Seriously adorable.  I do love Snow White, and Dopey, of course!



PlutosRHM55 said:


> It was so much fun. And yeah, I totally was mugging hard for the camera but when you this photogenic why not mug? Hehe KIDDING.


Every single one of those pics was seriously adorable!! Love 'em all.  PS Does your friend have a Cast Member Spirit Jersey on!?  #goals


----------



## PlutosRHM55

missjackiemcg said:


> Seriously adorable.  I do love Snow White, and Dopey, of course!

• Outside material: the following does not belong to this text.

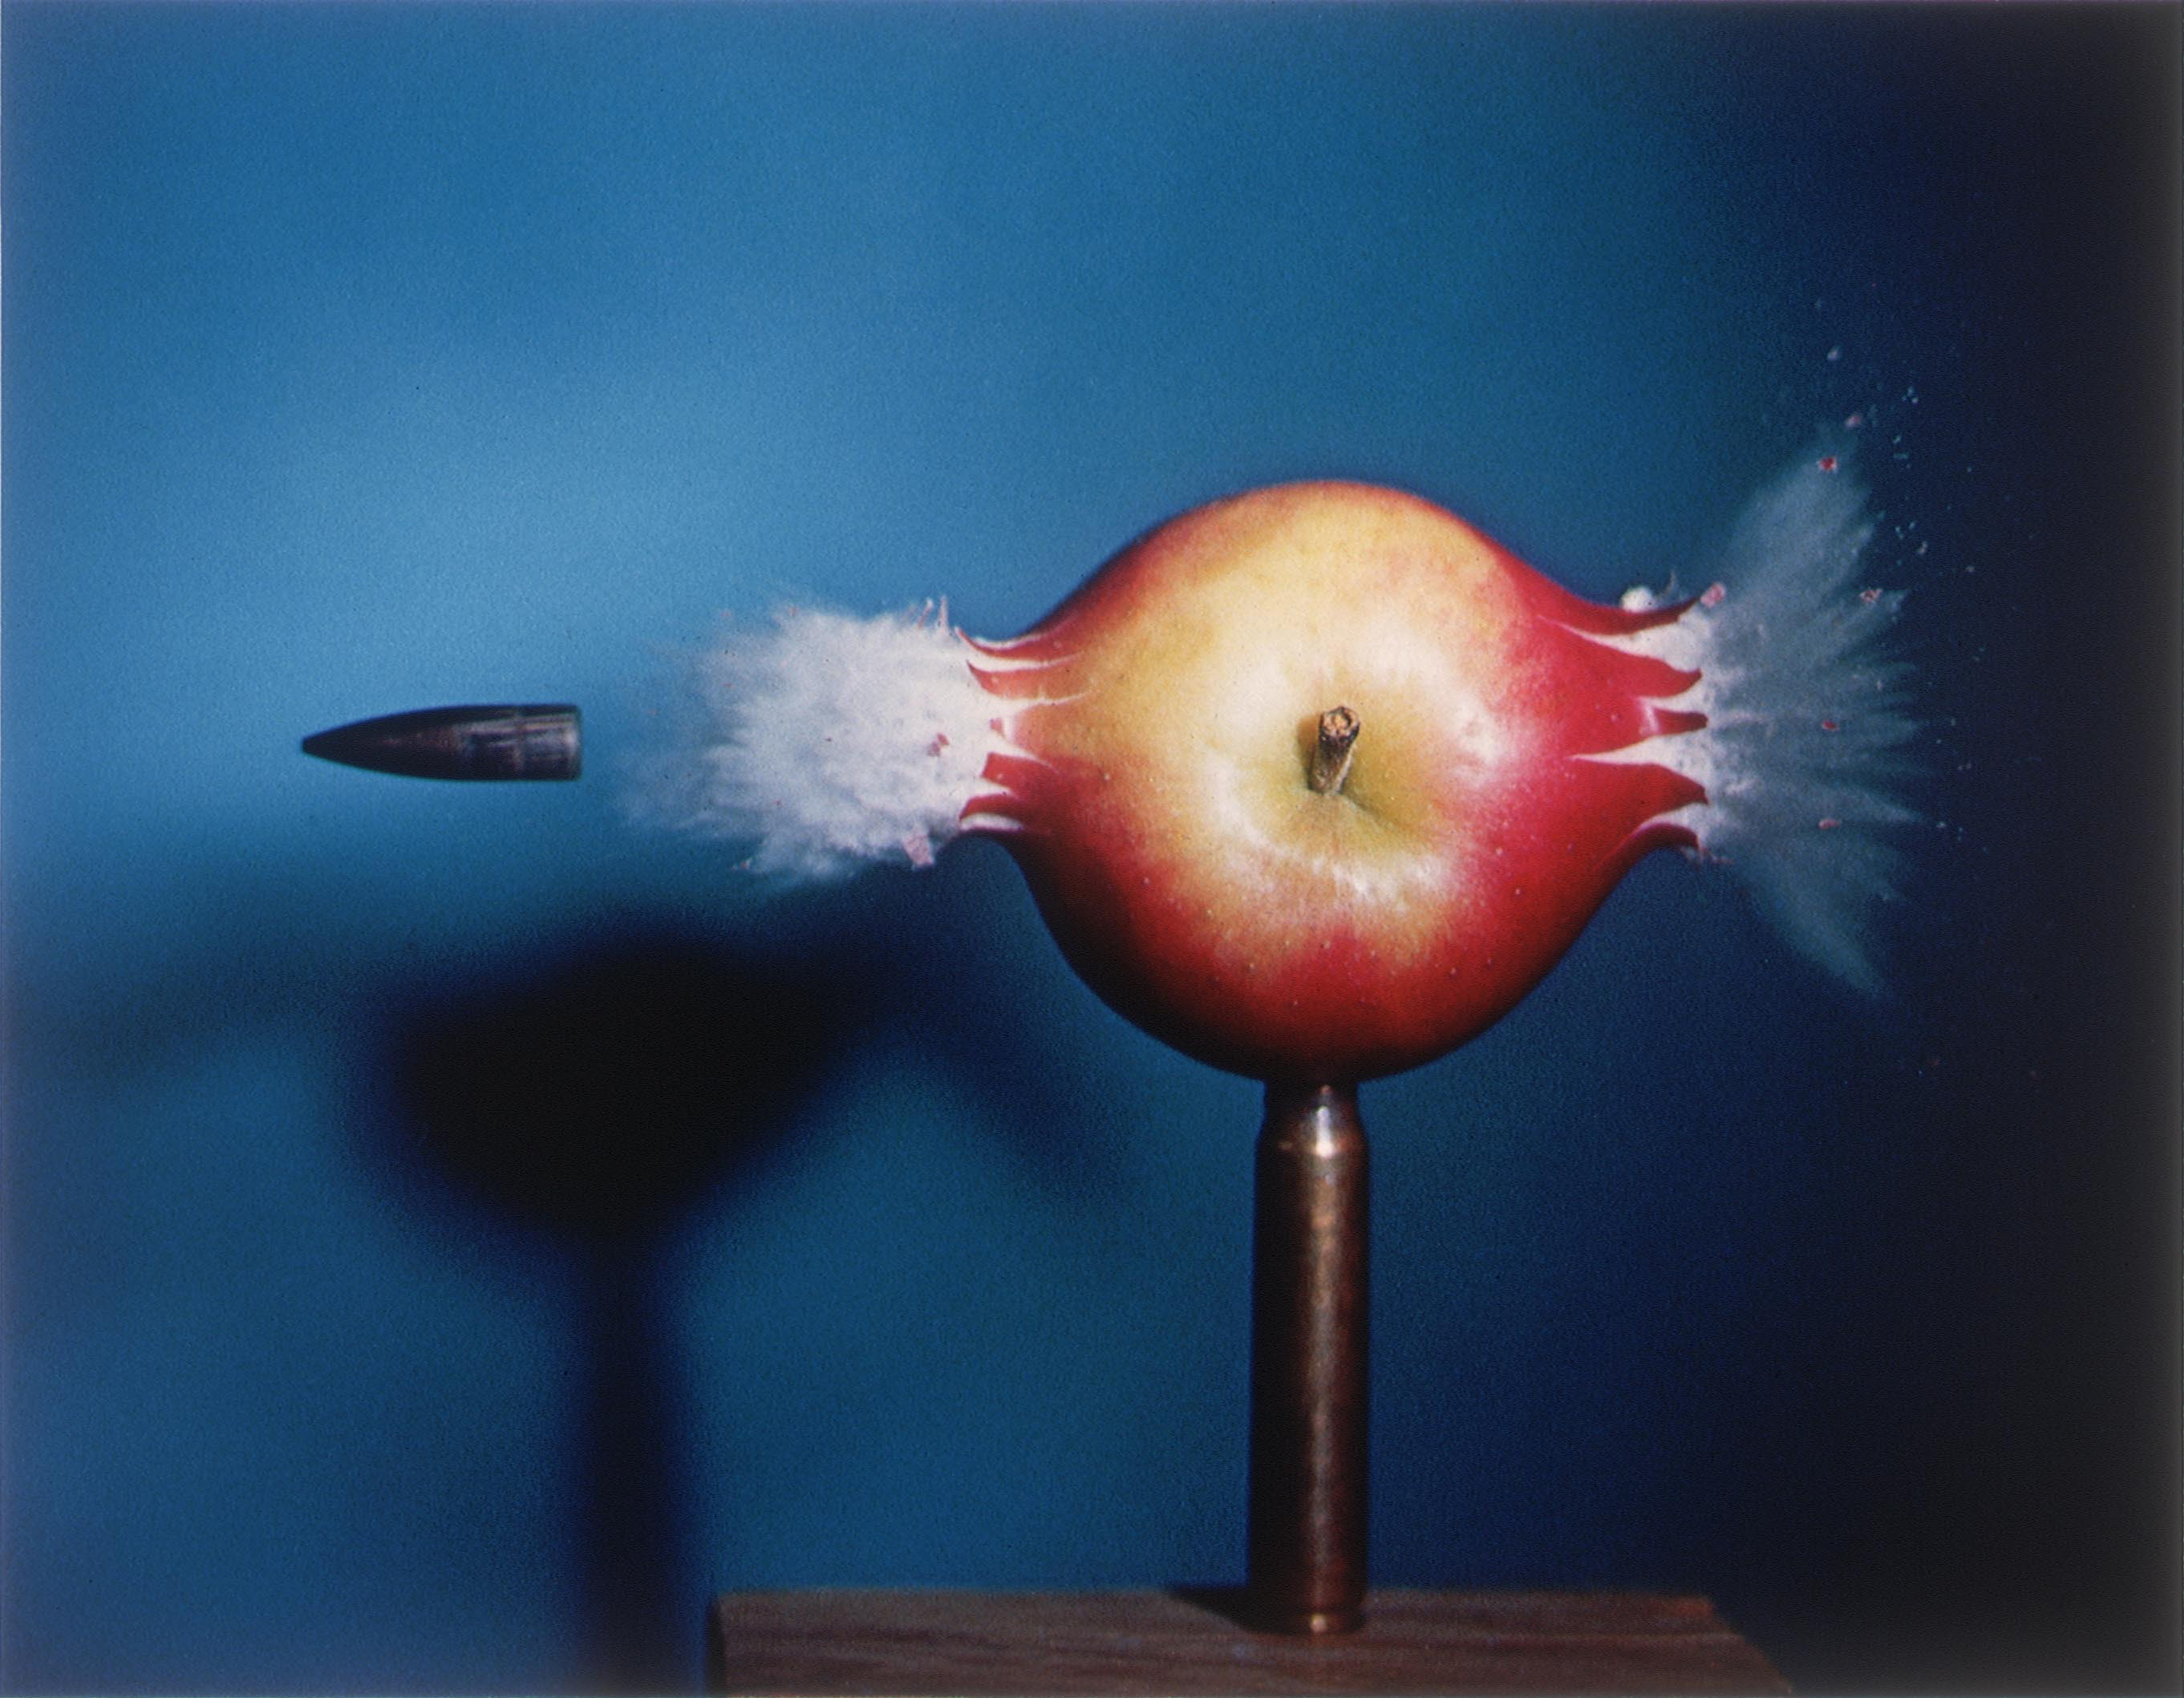 Bullet striking through a red apple.

You'd love this little corner of Fantasyland. Wishing Wells are just so magical for me but this one's my fave (sorry Cindy).



missjackiemcg said:


> Every single one of those pics was seriously adorable!! Love 'em all.  PS Does your friend have a Cast Member Spirit Jersey on!?  #goals



Awww thank you! We all had so much fun. And yes, she is! I have one too. Mine's pink and the font on the back is different with a Mickey separating the two words. I love it so much.


----------



## missjackiemcg

PlutosRHM55 said:


> Mine's pink and the font on the back is different with a Mickey separating the two words. I love it so much.


Amazing!


----------



## MeghanEmily

Oh my goodness, your pictures with the giant Stitch and Angel plush are presh!!


----------



## missangelalexis

Sounds so much fun! That group photoshoot came out awesome!


----------



## PlutosRHM55

MeghanEmily said:


> Oh my goodness, your pictures with the giant Stitch and Angel plush are presh!!



Thank you! We were so happy to have found both of them. 



missangelalexis said:


> Sounds so much fun! That group photoshoot came out awesome!



IT WAS! And thank you. Glad our goofiness looks awesome


----------



## thumper*

Hum I haven't ever seen Angel what is she/it from? Glad you got to meet up with Lindsey.


----------



## PlutosRHM55

thumper* said:


> Hum I haven't ever seen Angel what is she/it from? Glad you got to meet up with Lindsey.



Angel is from the Lilo and Stitch TV series. She's kinda Stitch's love interest. She's VERY popular in Japan.


----------



## PlutosRHM55

*Is This Amount of Fun at DCA Allowed?*
_5/28/18: Disney Buddies Unite!_

When we last left off, we were on our way to DCA. On the way there, I got a text from my friend Lakeland saying she was in the park and wanted to meet up. I let her know we were headed into DCA and to keep me posted when she got here.

In the mean time, we saw a cute reminder of what day this was:




Oh yup, that's a thing!

We had other plans to attend to though. Involving a certain OG Mickey Mouse...

Do you know who I'm talking about?

If you do, you know I've been very very VERY sad that he's now cut from DCA but this was my first time meeting *OSWALD*!

Sort of.

He was right by the gate as we expected so we ran right up to him but the host told us he was finishing up for the day. We were very sad, especially Lindsey who ADORES him, and began walking away when the host ran up to us and told her, "You can walk with him if you want." We were ALL about that so we ran back and got to have a little walk with Oswald the Lucky Rabbit.





*Click to watch!*








It was a short time spent with the Lucky Rabbit, but a fun one nonetheless. 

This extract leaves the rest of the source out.